Torino, Cairo scettico sulla ripresa: la prossima stagione sarebbe compromessa

Torino, Cairo scettico sulla ripresa: la prossima stagione sarebbe compromessa

Il tema / Il presidente del Torino ieri è intervenuto ai microfoni di Radio1 e ha parlato – tra i tanti argomenti affrontati – anche della possibile conclusione della Serie A

di Luca Sardo

Urbano Cairo vota a favore della ripresa del calcio, ma con più di qualche riserva.  Il patron granata è intervenuto ieri ai microfoni de “Un Giorno da Pecora”, trasmissione su Radio1 (qui per leggere l’intervista completa), in cui ha trattato diversi argomenti fra cui la possibile ripresa del campionato: “Sembra che la data per ripartire ci sia, il 13 o il 20 giugno, così come il protocollo”, ha preso atto Cairo. Il presidente fin dall’inizio dell’emergenza coronavirus è sempre stato scettico sulla ripartenza del campionato (tanto da arrivare a dire in un’altra intervista che per lui il campionato era da ritenersi concluso), ma ha progressivamente “ammorbidito” la sua posizione e ha confermato di aver votato a favore della ripresa del campionato in Assemblea di Lega Serie A, come hanno fatto tutti gli altri presidenti. “Sono uno che si adegua alla decisione della maggioranza: se si vuole giocare, si giochi”. Per ora c’è il via libera sugli allenamenti di squadra; la decisione definitiva sul campionato dovrebbe arrivare il prossimo 28 maggio, giorno in cui il ministro dello Sport Spadafora incontrerà i presidenti Gravina (FIGC) e Dal Pino (Lega Serie A) per definire il futuro di questa stagione.

Cairo sulla ripresa del calcio: “Mi adeguo alla maggioranza, ma qualche dubbio rimane”

DUBBI –  Ma Cairo, pur non volendo vestire i panni di colui che vota per fermare il calcio, ha confermato di non aver cambiato idea su alcuni punti. “Qualche dubbio ce l’ho” ha detto il presidente granata. Si riferisce soprattutto al fatto che la stagione 2020/2021, stando così le cose, subirà sicuramente un impatto importante. “Quel che dico io è che se andiamo avanti sino al 20 agosto non si può poi riprendere il campionato successivo a metà settembre. Non vuoi dare ai giocatori due-tre settimane di vacanza? Certo che sì, e poi devono avere un altro mese per ricominciare. Ciò vuol dire che il campionato successivo andresti a cominciarlo il 20 ottobre avendo gli Europei a giugno. Mi sembra tutto molto complicato”. 

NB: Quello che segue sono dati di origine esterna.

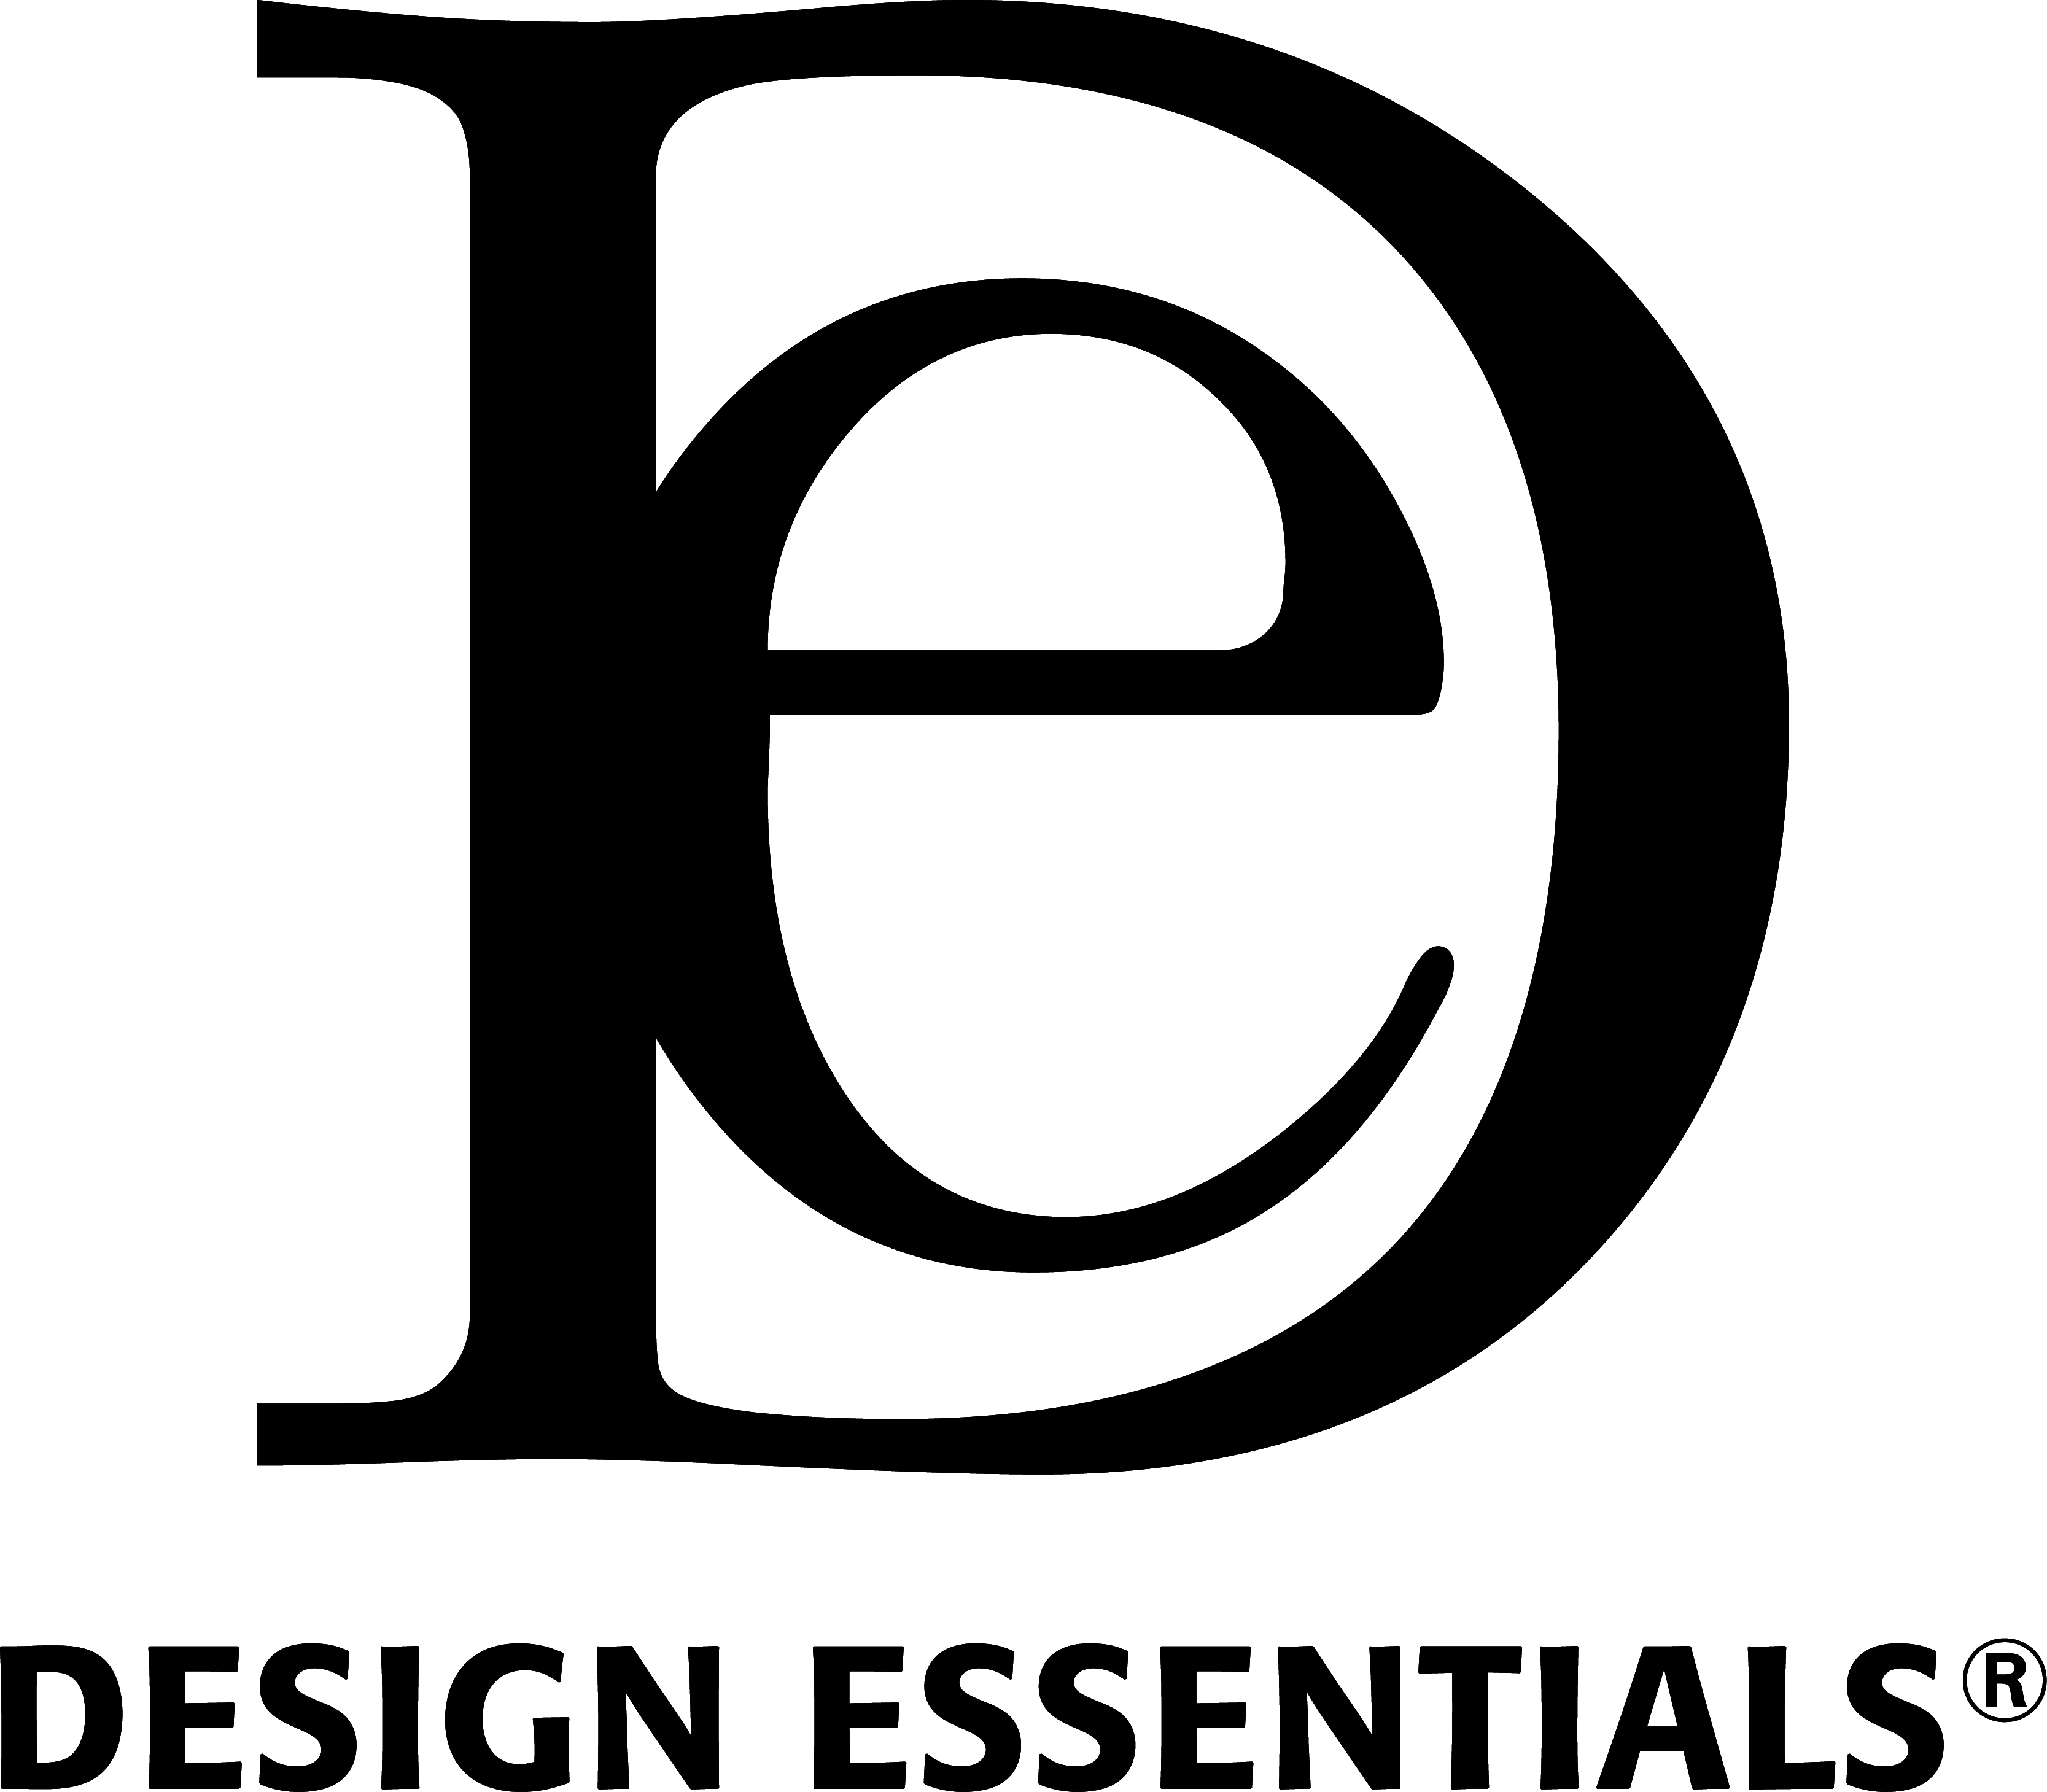 Design Essentials - The Shamila Experience at Studio 0912 Tresses, Montclair, theshamilaexperience.com 
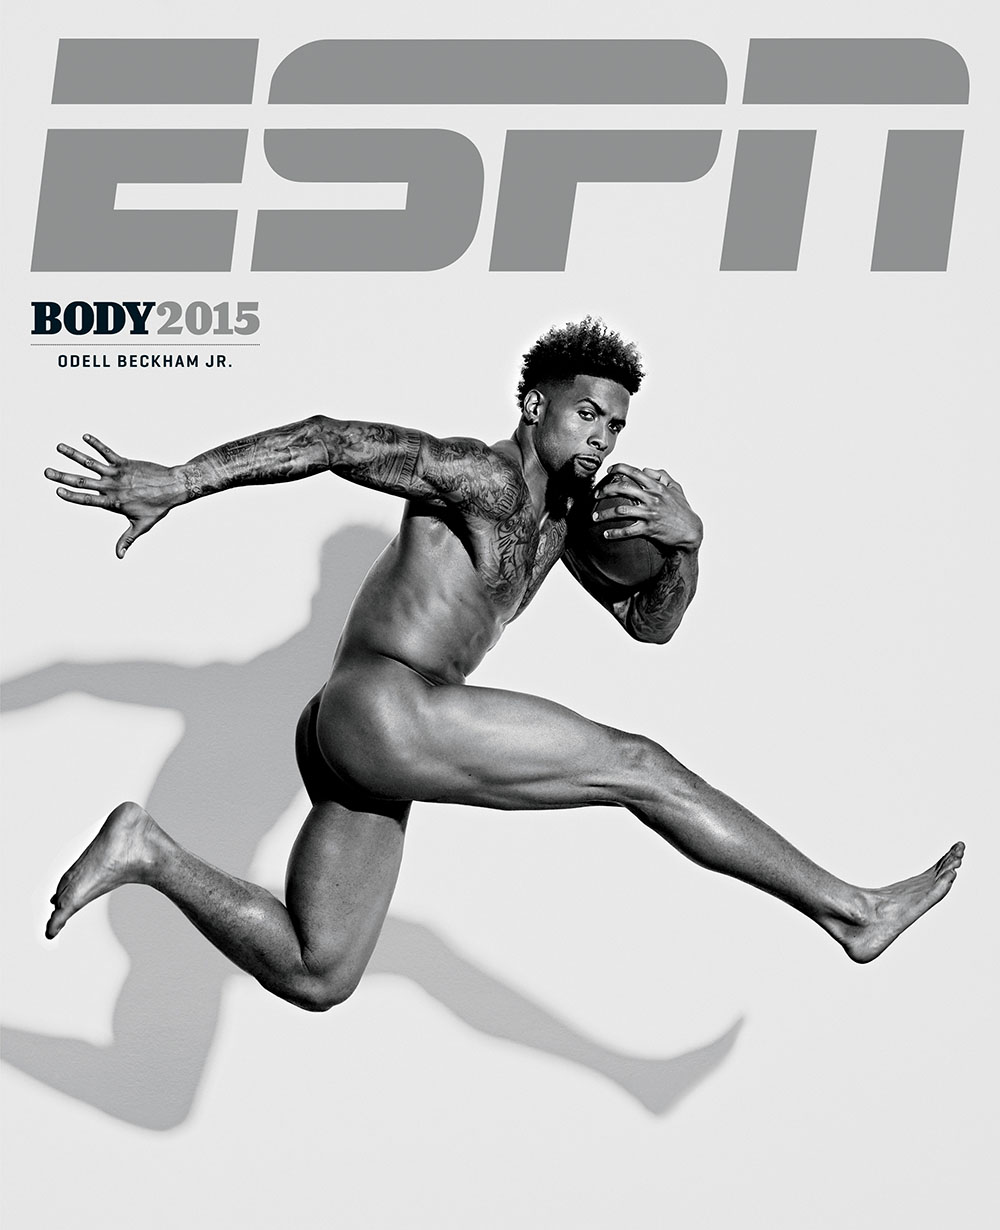 Photography News - Splendidi nudi sportivi di ESPN Odell Beckham Jr. fotografati da Carlos Serrao

Toro, le sirene di mercato e gli stipendi arretrati: per i giocatori rischio distrazioni

CONSIDERAZIONI – Come ha evidenziato il presidente del Torino, se nella migliore delle ipotesi si dovesse tornare in campo il 13 giugno, il campionato si concluderebbe intorno al 20 agosto. Ciò significa che tra le vacanze che spettano ai giocatori (non si possono definire tali i due mesi di lockdown) e la preparazione in vista della nuova stagione, la Serie A 2020/2021 dovrebbe iniziare non prima di ottobre. Il problema sarà poi la data limite per concludere la prossima stagione: a giugno 2021 infatti si disputeranno gli Europei che si sarebbero dovuti disputare questa estate. La Serie A dovrà concludersi sicuramente entro metà maggio: dunque ci saranno circa 7 mesi per disputare tutte le partite di campionato e quelle di Coppa Italia, contando anche le diverse soste per le Nazionali. Insomma, molti sono ancora i dubbi da sciogliere intorno alla possibile ripresa di questa difficile stagione.

LEGGI ANCHE:

FIGC, Gravina replica all’AIC: “Paradossale pensare ad uno sciopero”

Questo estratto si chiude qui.